Con un solo asentimiento del soldado, Charlotte se sumergió en la mente arruinada. La primera parte fue sencilla, como si todo estuviera normal o sin problemas.

Puso toda su fuerza para atravesar esa barrera que la mantenía lejos, cuando lo hizo, el malestar se instaló en su estómago. Ignorando las punzadas, siguió indagando entre memorias falsas que KORB planto, eliminándolas por completo.

La mente de Derek Roth estaba muy dañada, apenas podía mantenerse tranquila por la sofocación y las voces que intentan alejarla. Llegó a la parte más agradable y era llegar a los verdaderos.
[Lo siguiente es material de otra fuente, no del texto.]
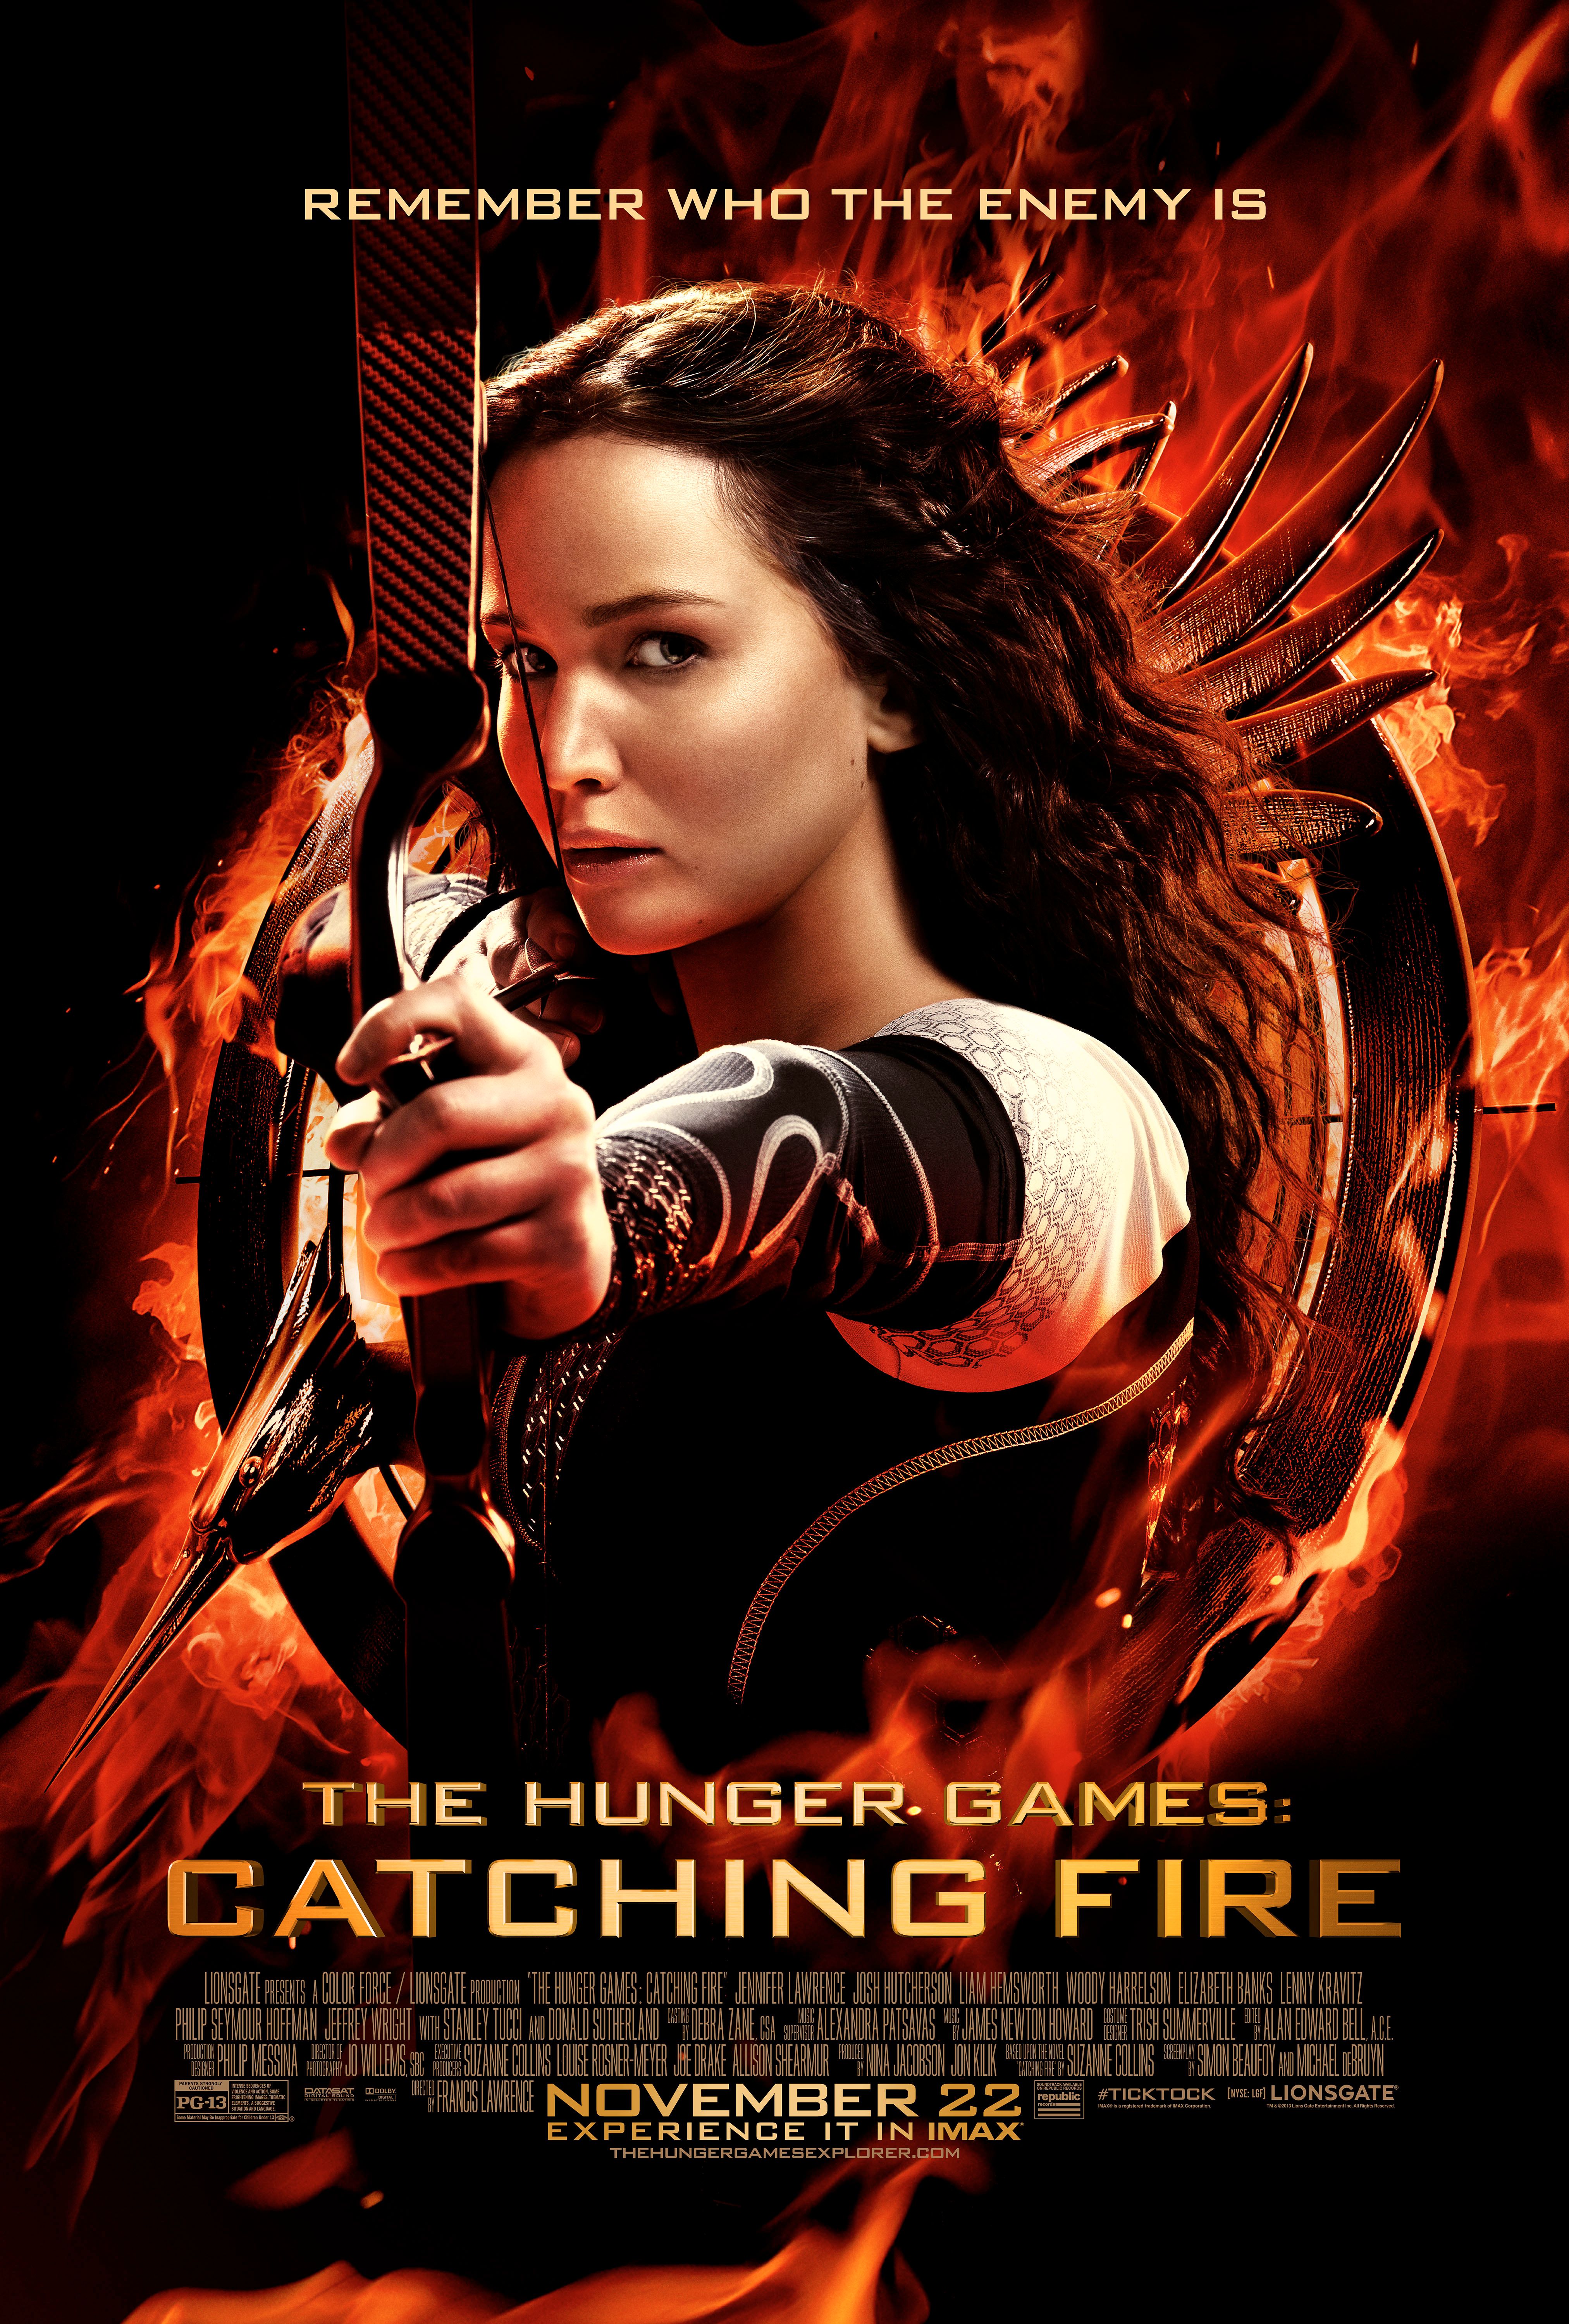 THE HUNGER GAMES: CATCHING FIRE Poster Starring Jennifer Lawrence

Abrió uno de los recuerdos, un niño corriendo por la acera apareció, sus brazos extendidos como alas.

── ¡Algún día llegaré a ser un soldado como papá! ── gritó con emoción ── Volaré y luchare con los malos.

── Aceptaré que lo hagas si prometes volver a casa ── le respondió una mujer, apenas viéndose por el cabello ocultando su rostro.

La respiración de Derek golpeó su rostro fuera del recuerdo, sintiendo la relajación y como fue cambiando sus ánimos conforme su vida, la verdadera, apareció.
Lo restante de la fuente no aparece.